I pushed up on the latch and climbed back into the tavern. Tables and chairs were strewn all over the place, many of them broken. The door had been knocked off its hinges and Roy was nowhere to be seen.
“What happened to—”
“Roy?” the man cut me off. “He’s either stricken or dead. Hopefully dead. Too bad, he was one of my best customers.”
“Do you run this tavern?” I asked.
“Eh, not much of a tavern anymore,” he said, kicking at the busted furniture until he found a chair that wasn’t broken. He set it up and sat down on it.
“No one wants drinks these days,” he said. “Too bad, because I made a mean one.” He picked up a glass from the floor and pointed his finger at it. It filled with water until it cascaded from the lowest side of its fractured rim.

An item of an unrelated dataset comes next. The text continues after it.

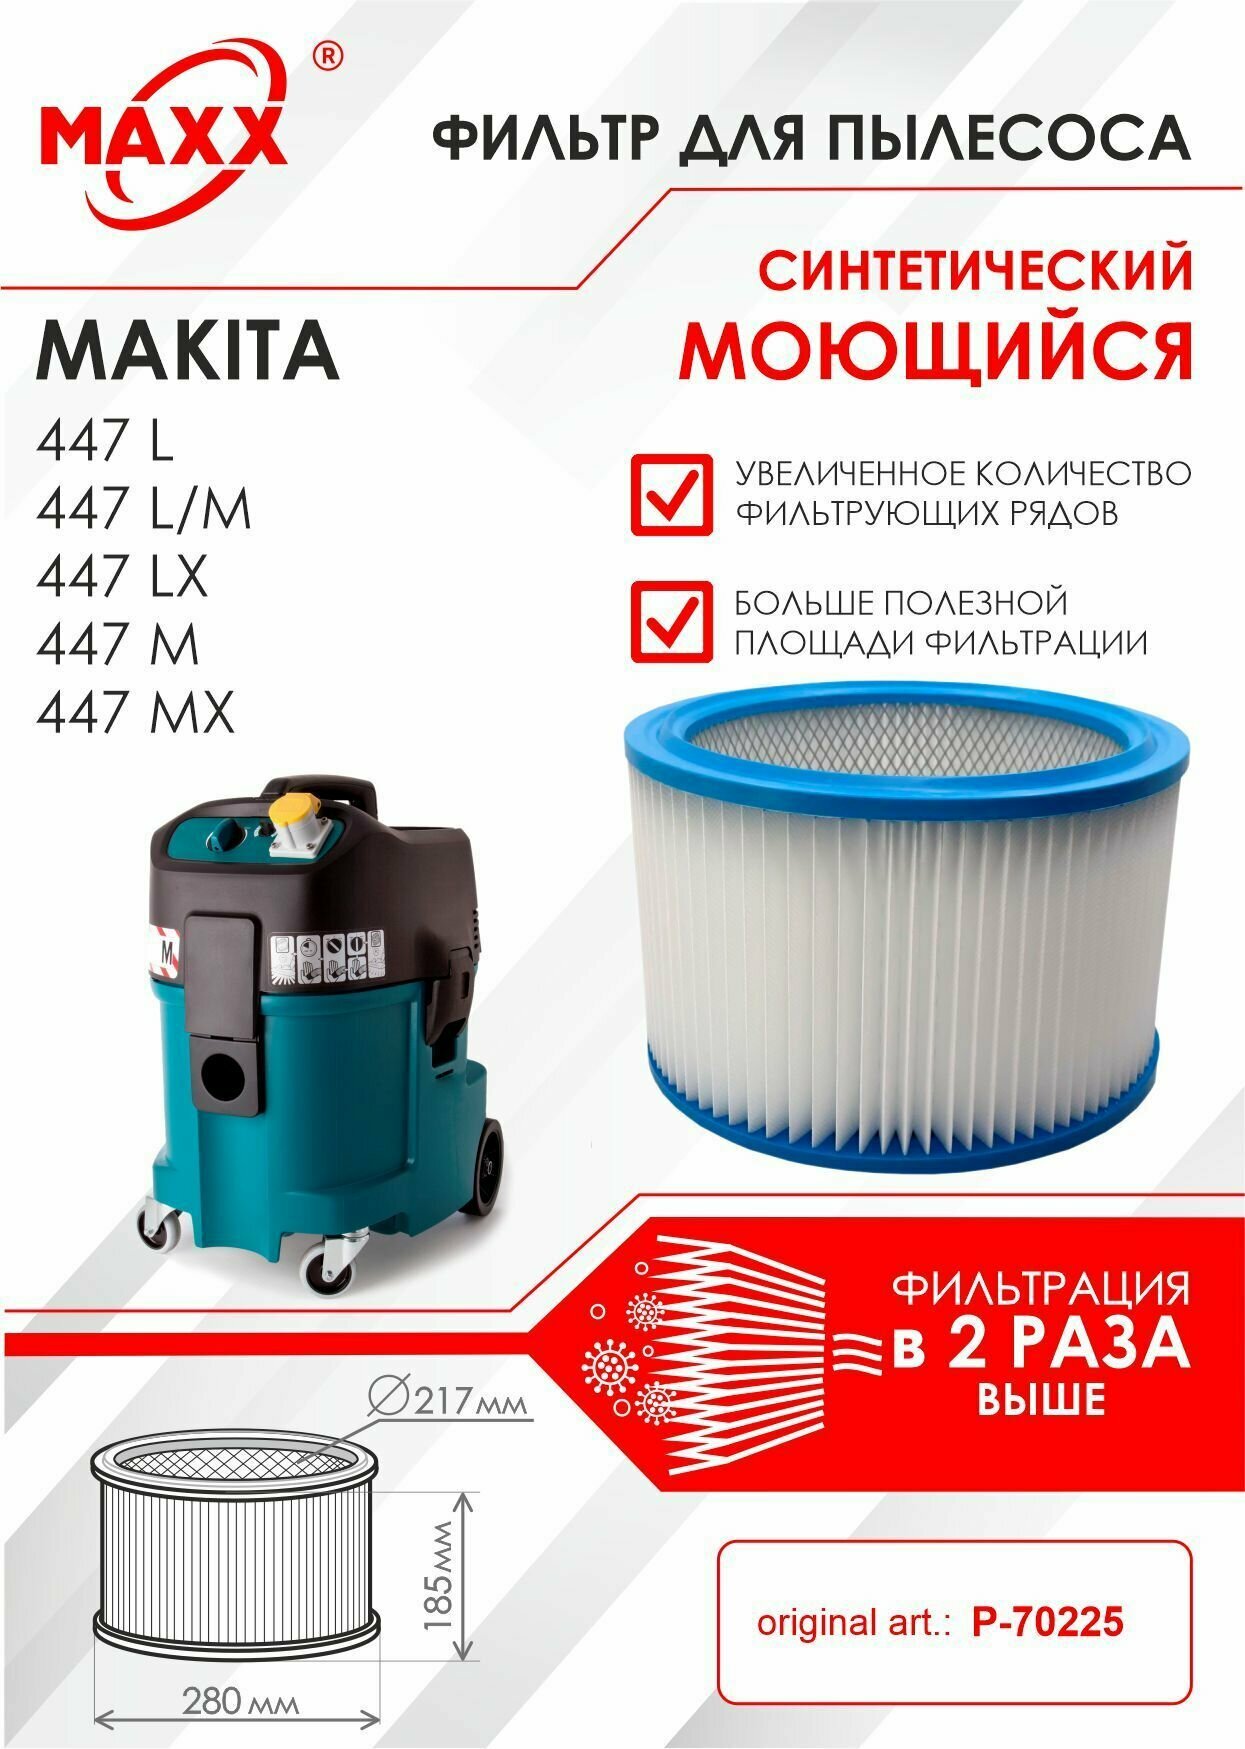 Фильтр воздушный D275x187 синтетический, моющийся для пылесоса Makita 447 L (М, LX, MX) art: P-70225

Then the water turned a golden color, transmuting into beer.
“That’s a neat trick,” I said.
“Level 20 Blue Mage,” he said, “at your service. I assume you’re here for lite?”
“A light?” I asked, confused. “No, I don’t smoke.”
“Me neither,” he said, clapping me on the shoulder. He took a tin from his pouch and removed the lid. Inside were a few large, dried leaves. “Have a chew,” he said. “First one’s on me, but after that it’s 10 gold per leaf.”
“Thank you no,” I said. “What is that stuff?”
He laughed. “You must be fresh from Cortina. Lite is all the rage in Ripcord. Chew it up and forget how awful this all is. Just be careful where you chew it. You lose track of your surroundings like good ol’ Roy did and you’re a goner.”
“You sell drugs?” I asked.
“And proud of it,” he replied. “People need an
escape. Lite is a pretty damn good one.”